Today the MicroBooNE collaboration announced that it has seen its first neutrinos in the experiment's newly built detector.
“It's nine years since we proposed, designed, built, assembled and commissioned this experiment,” says Bonnie Fleming, MicroBooNE co-spokesperson and a professor of physics at Yale University. “That kind of investment makes seeing first neutrinos incredible.”
After months of hard work and improvements by the Fermi National Accelerator Laboratory Booster team, on October 15, the Fermilab accelerator complex began delivering protons, which are used to make neutrinos, to one of the laboratory's newest neutrino experiments, MicroBooNE. After the beam was turned on, scientists analyzed the data recorded by MicroBooNE's particle detector to find evidence of its first neutrino interactions.
“This was a big team effort,” says Anne Schukraft, a Fermilab postdoc working on MicroBooNE. “More than 100 people have been working very hard to make this happen. It's exciting to see the first neutrinos.”
MicroBooNE is funded by the U.S. Department of Energy. Its detector is a liquid-argon time projection chamber. It resembles a silo lying on its side, but instead of grain, it’s filled with 170 tons of liquid argon.
Liquid argon is 40 percent denser than water, and hence neutrinos are more likely to interact with it. When an accelerator-born neutrino hits the nucleus of an argon atom in the detector, its collision creates a spray of subatomic particle debris. Tracking these particles allows scientists to reveal the type and properties of the neutrino that produced them.

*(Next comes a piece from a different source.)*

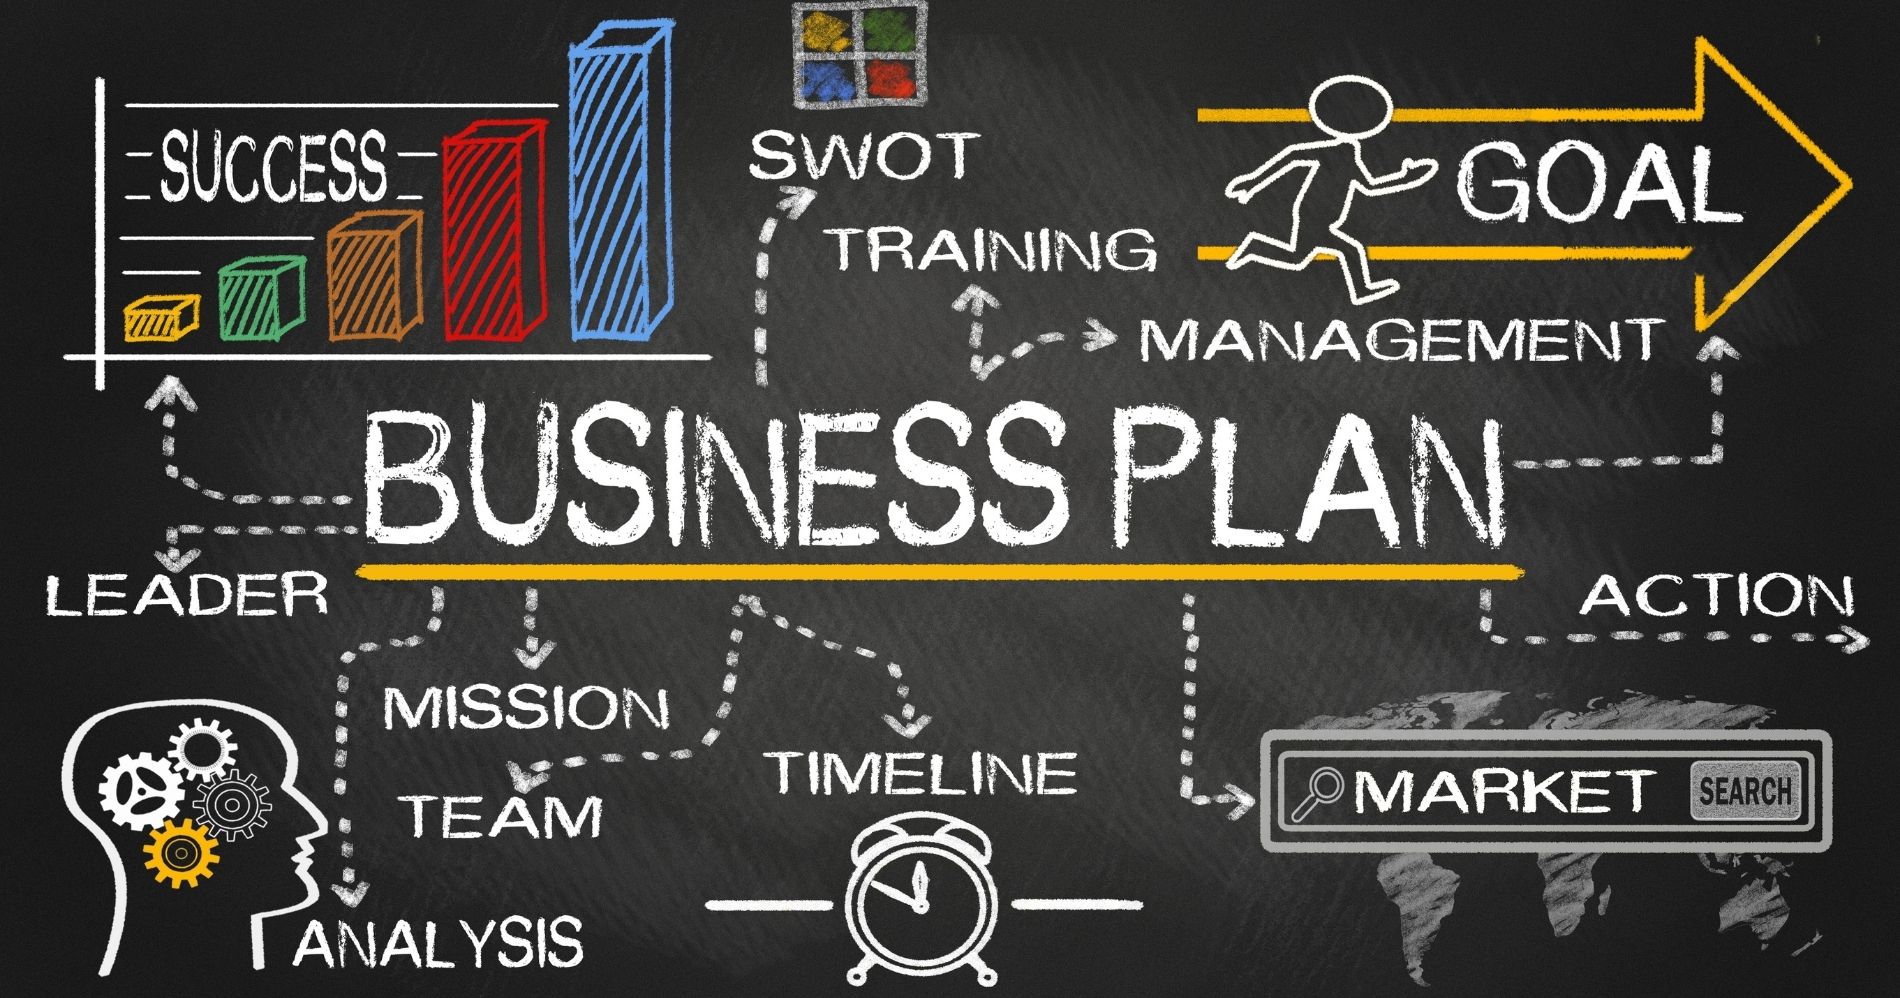 Template Business Plan Sederhana ilustrasi Bisnis Muda - Image: Canva

Neutrinos have recently received quite a bit of media attention. The 2015 Nobel Prize in physics was awarded for neutrino oscillations, a phenomenon that is of great importance to the field of elementary particle physics. Intense activity is under way worldwide to capture neutrinos and examine their behavior of transforming from one type into another.
MicroBooNE is an example of a new liquid-argon detector being developed to further probe this phenomenon while reconstructing the particle tracks emerging from neutrino collisions as finely detailed three-dimensional images. Its findings will be relevant for the forthcoming Deep Underground Neutrino Experiment, known as DUNE, which plans to examine neutrino transitions over longer distances and a much broader energy range. Scientists are also using MicroBooNE as an R&D platform for the large DUNE liquid-argon detectors.
“Future neutrino experiments will use this technology,” says Sam Zeller, Fermilab physicist and MicroBooNE co-spokesperson. “We're learning a lot from this detector. It's important not just for us, but for the entire neutrino community.”
In August, MicroBooNE saw its first cosmic ray events, recording the tracks of cosmic ray muons. The recent neutrino sighting brings MicroBooNE researchers much closer to one of their scientific goals, determining whether the excess of low-energy events observed in a previous Fermilab experiment was the footprint of a sterile neutrino or a new type of background.
Before they can do that, however, MicroBooNE will have to collect data for several years.
During this time, MicroBooNE will also be the first liquid-argon detector to measure neutrino interactions from a beam of such low energy. At less than 800 MeV (megaelectronvolts), this beam produces the lowest-energy neutrinos yet to be observed with a liquid-argon detector.
MicroBooNE is part of Fermilab's Short-Baseline Neutrino program, and scientists will eventually add two more detectors (ICARUS and the Short-Baseline Near Detector) to its neutrino beamline.
The MicroBooNE collaboration includes more than 150 scientists from 28 institutions in five countries.